• Directions for this task:
Retype every line from the start of the data down to and including the line with "Titel: Physische und". Skip the pictures.

• Material provided:
=== Begin Enclosure ===
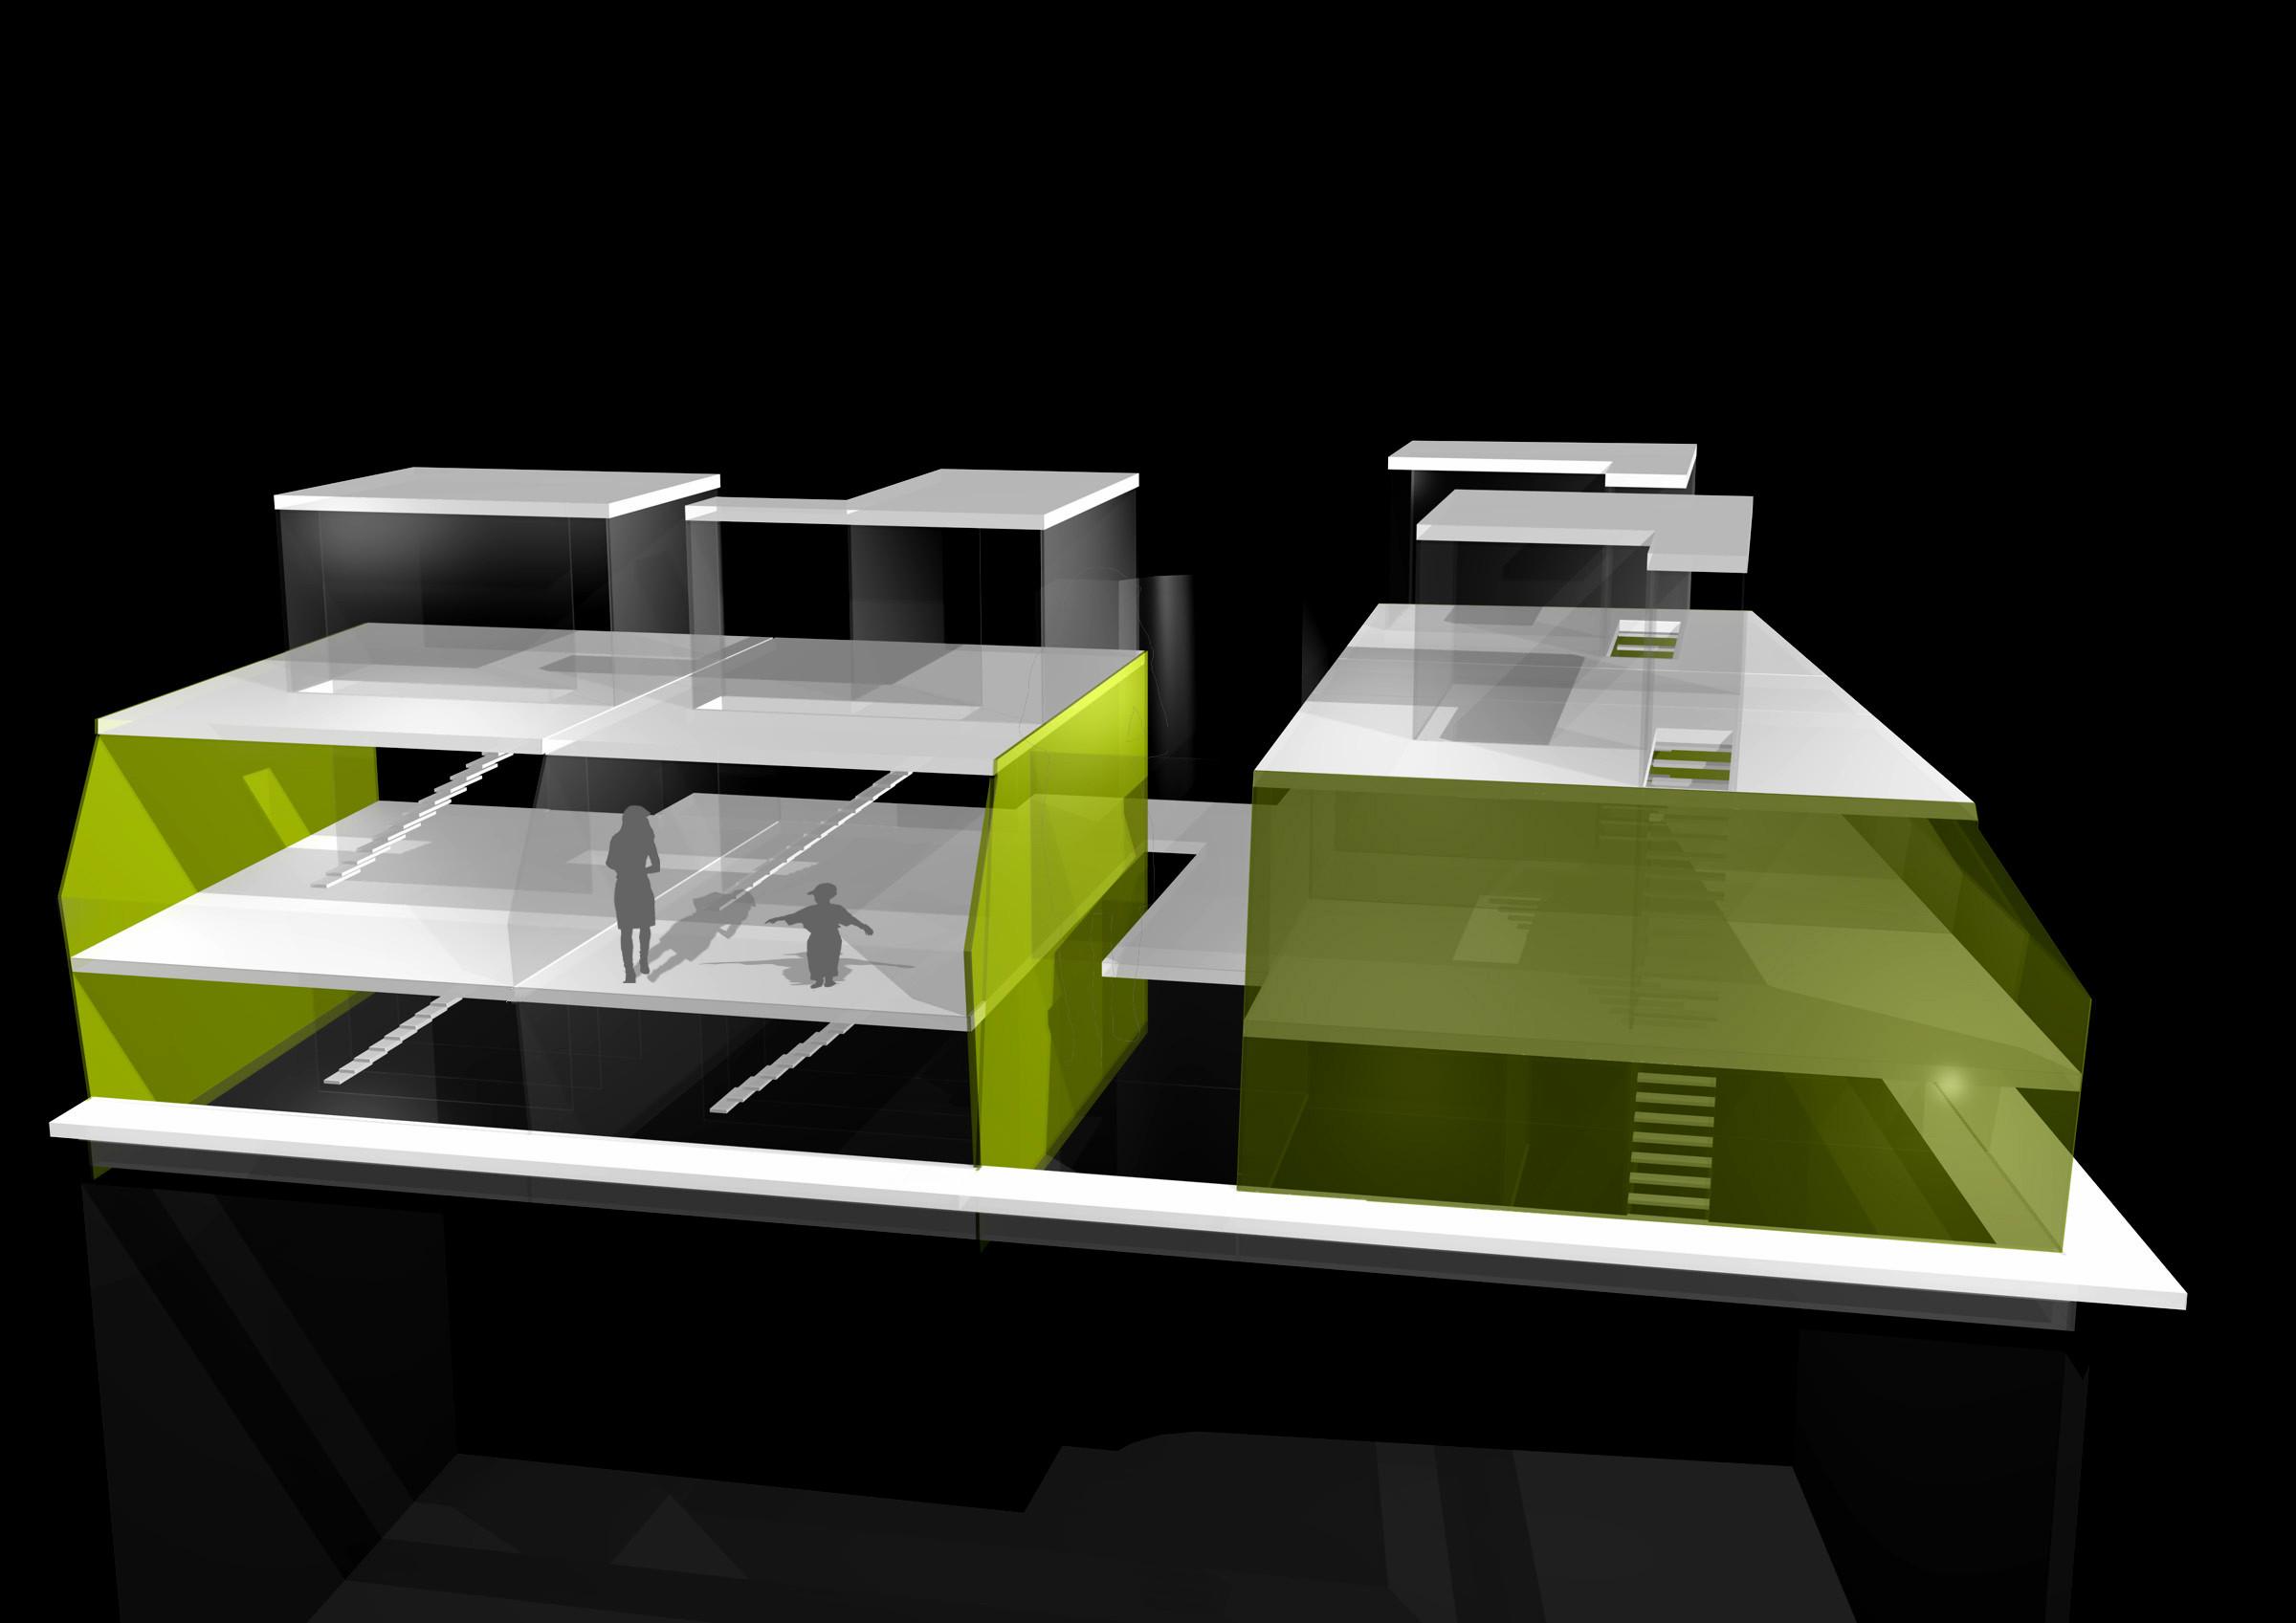 <p>© RUNSER / PRANTL architekten, Wohnhaus Sanierung und Aufstockung, 1020 Wien, Österreich, 2004, Dachbodenausbau, Wohnhaus</p>
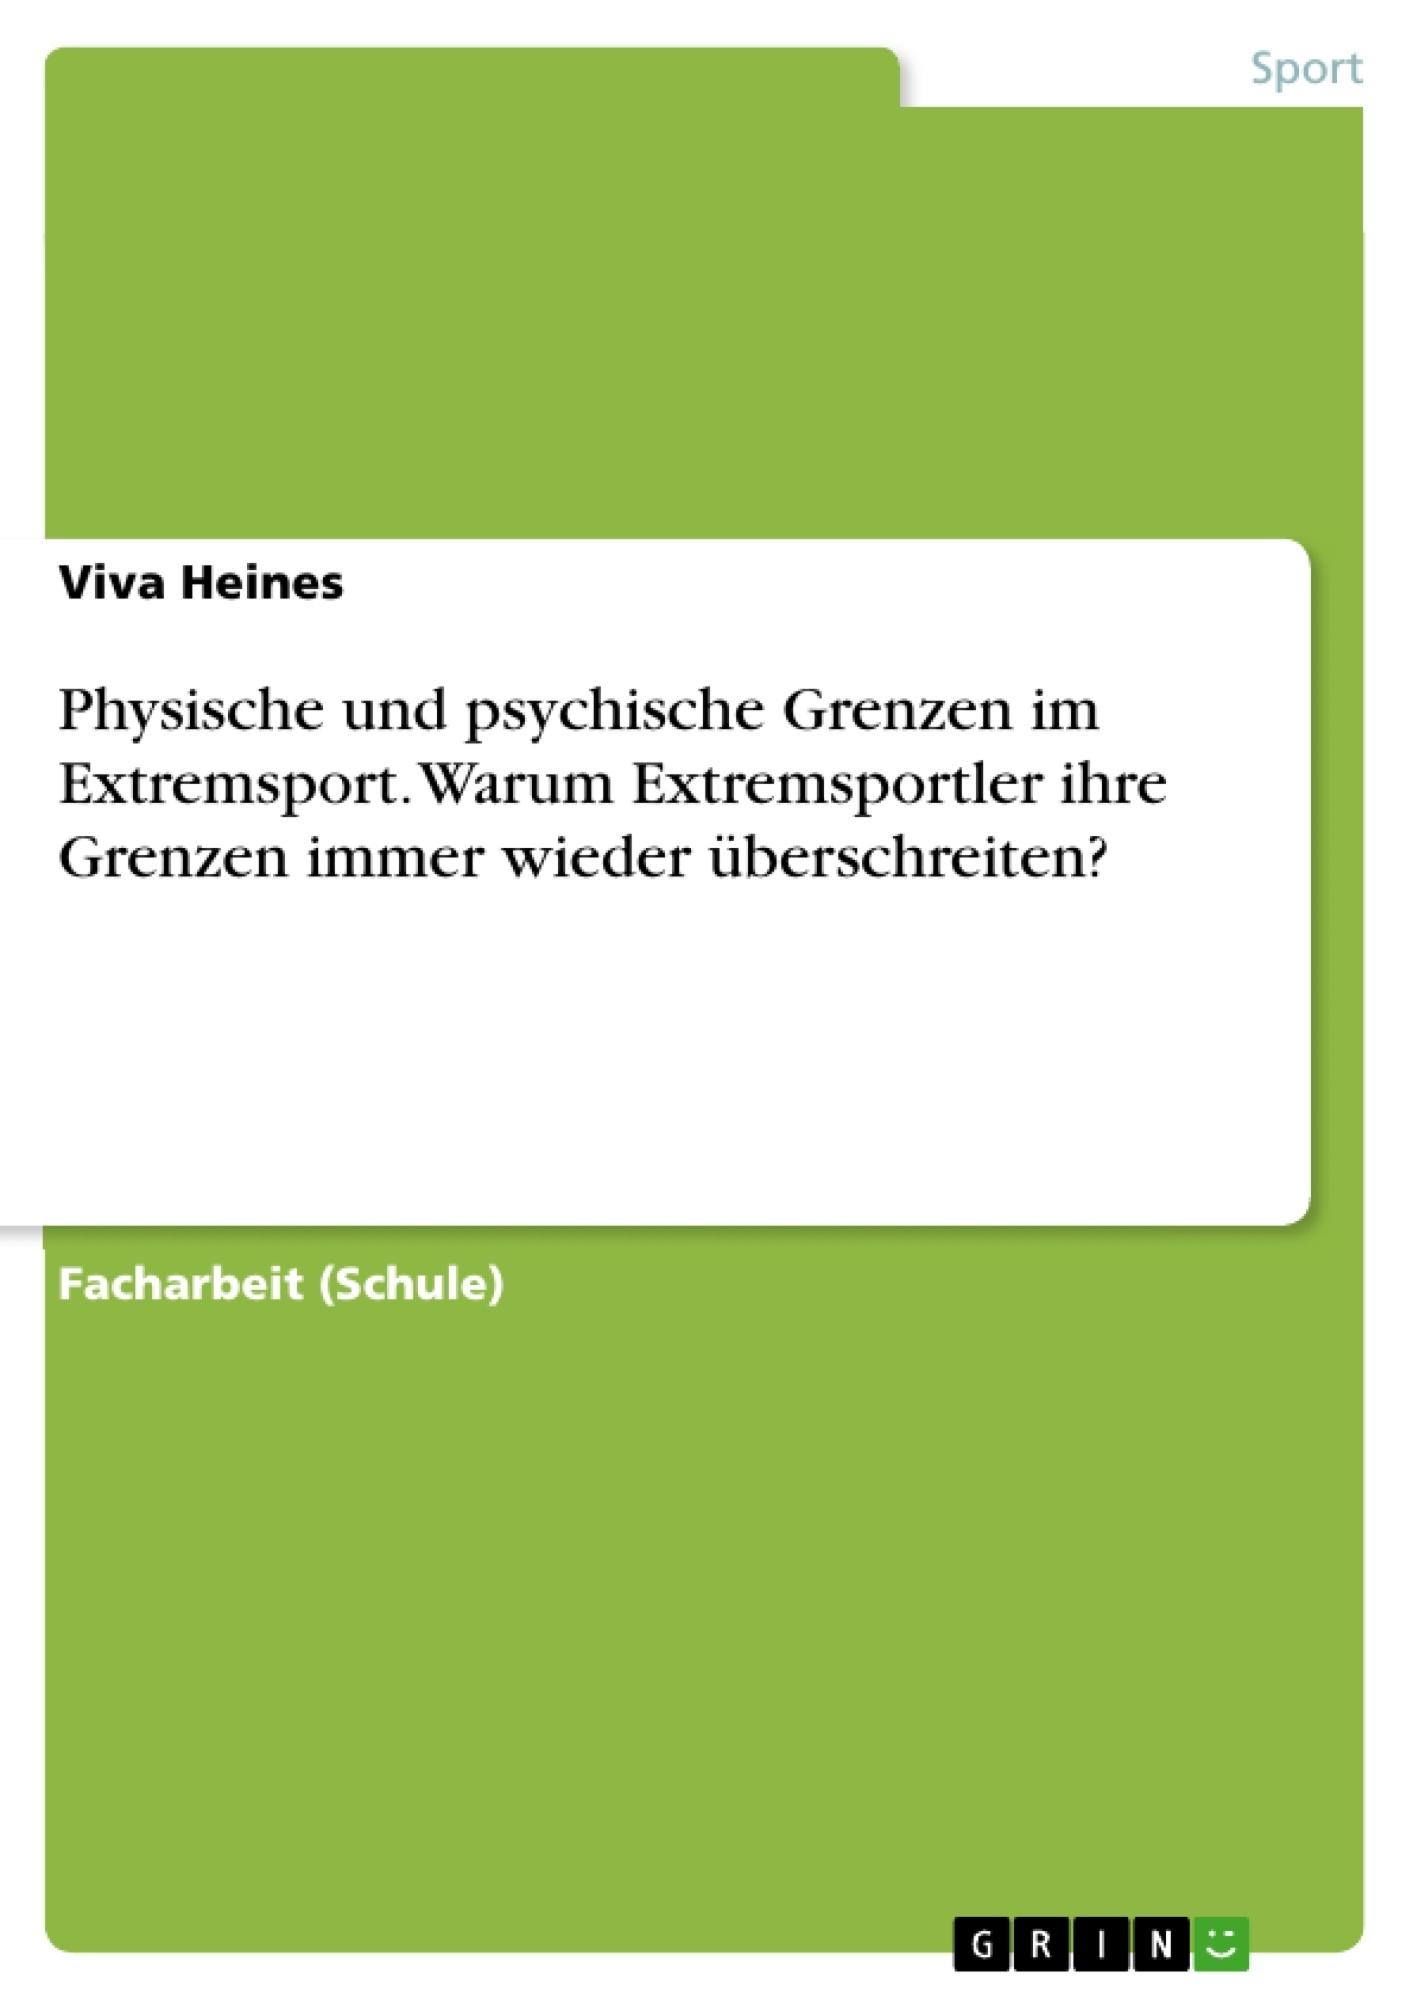 Titel: Physische und psychische Grenzen im Extremsport. Warum Extremsportler ihre Grenzen immer wieder überschreiten?
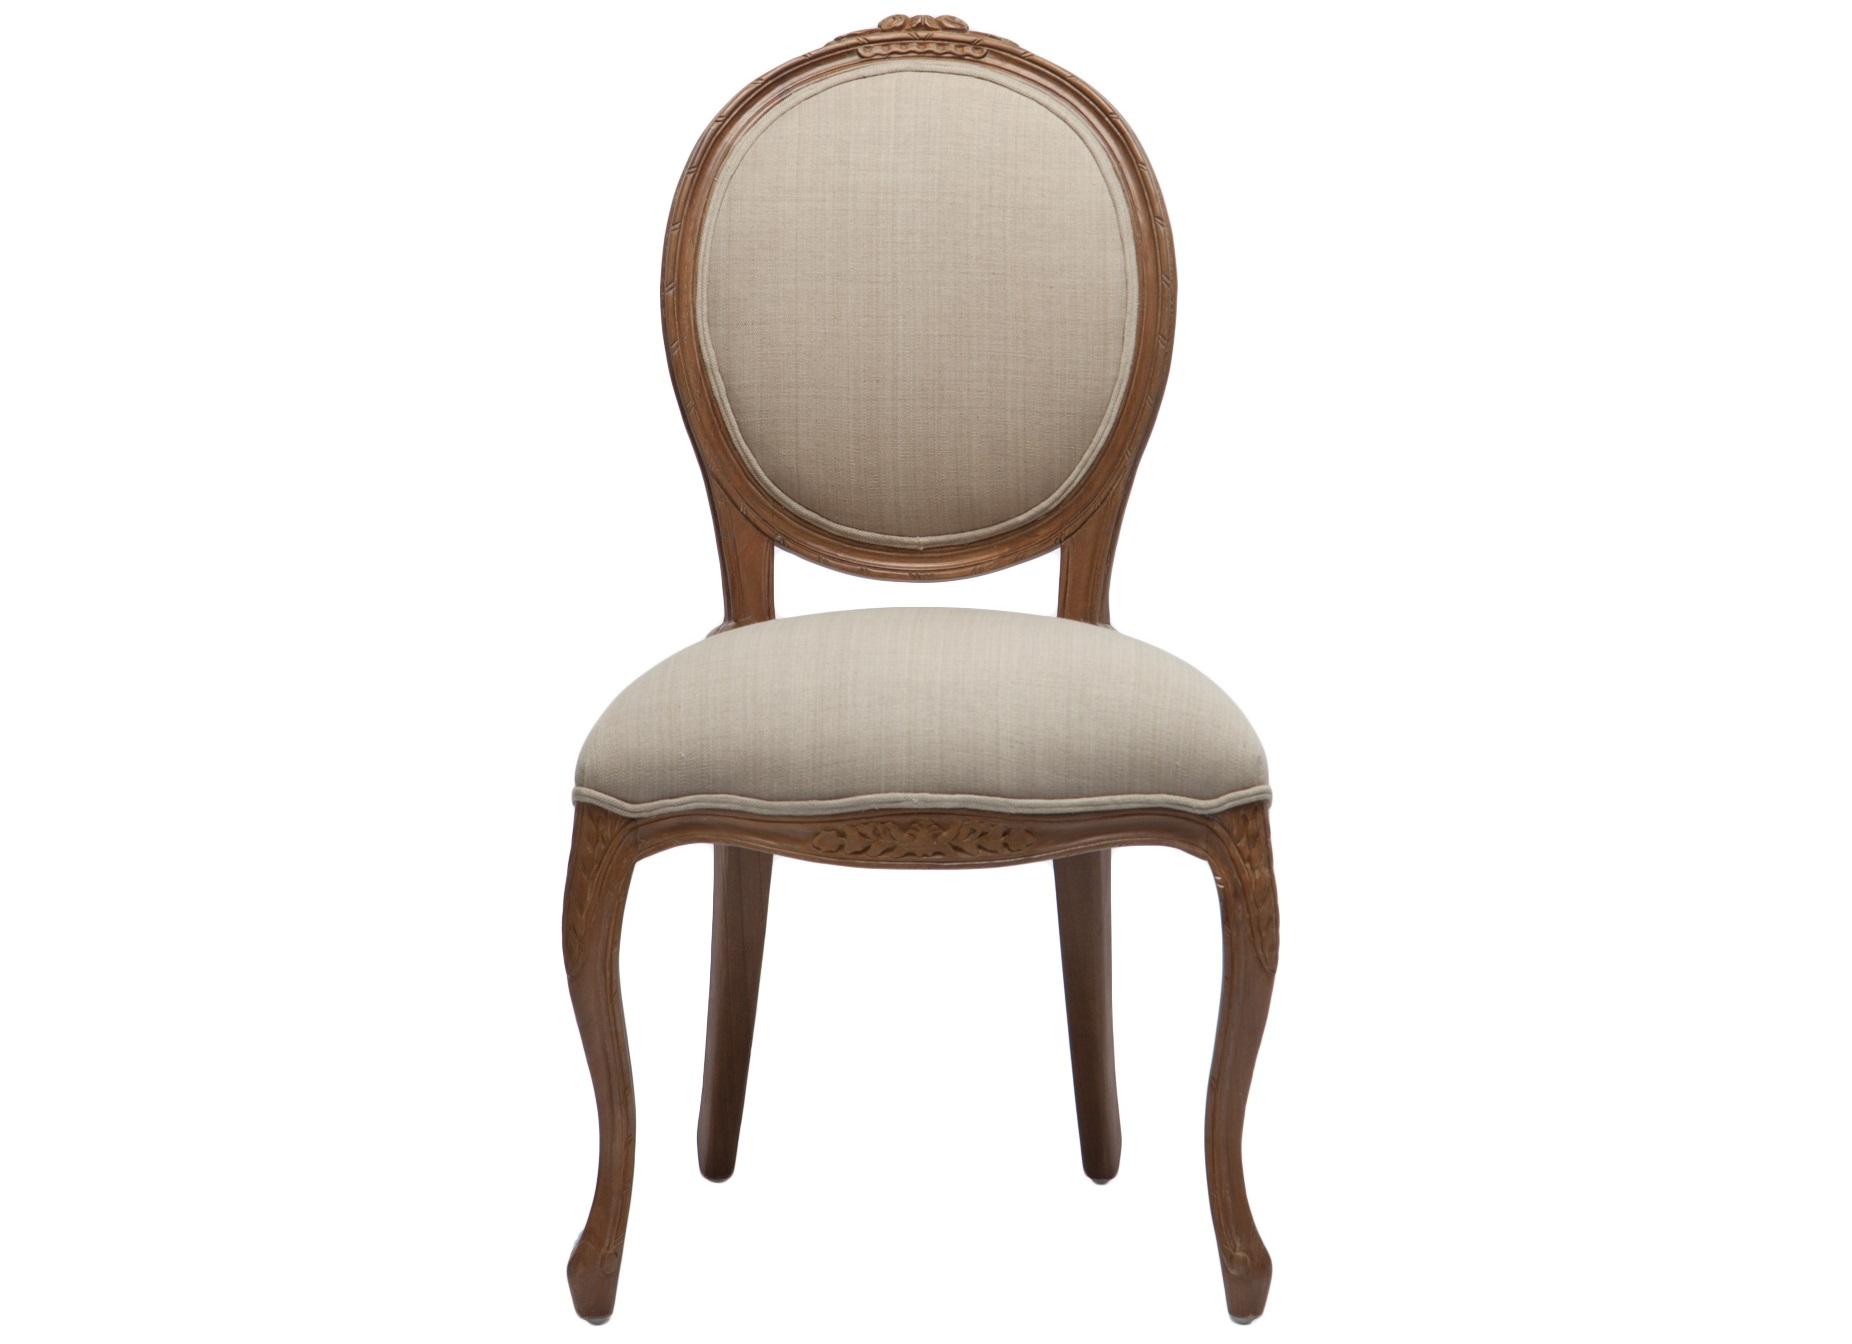 Стул СелинОбеденные стулья<br>Стул с круглой спинкой-медальон из дерева минди, декорирован резьбой.&amp;amp;nbsp;<br><br>Material: Хлопок<br>Ширина см: 62<br>Высота см: 96<br>Глубина см: 53
=== End Enclosure ===
• Reply:
 <p>© RUNSER / PRANTL architekten, Wohnhaus Sanierung und Aufstockung, 1020 Wien, Österreich, 2004, Dachbodenausbau, Wohnhaus</p>
 Titel: Physische und psychische Grenzen im Extremsport. Warum Extremsportler ihre Grenzen immer wieder überschreiten?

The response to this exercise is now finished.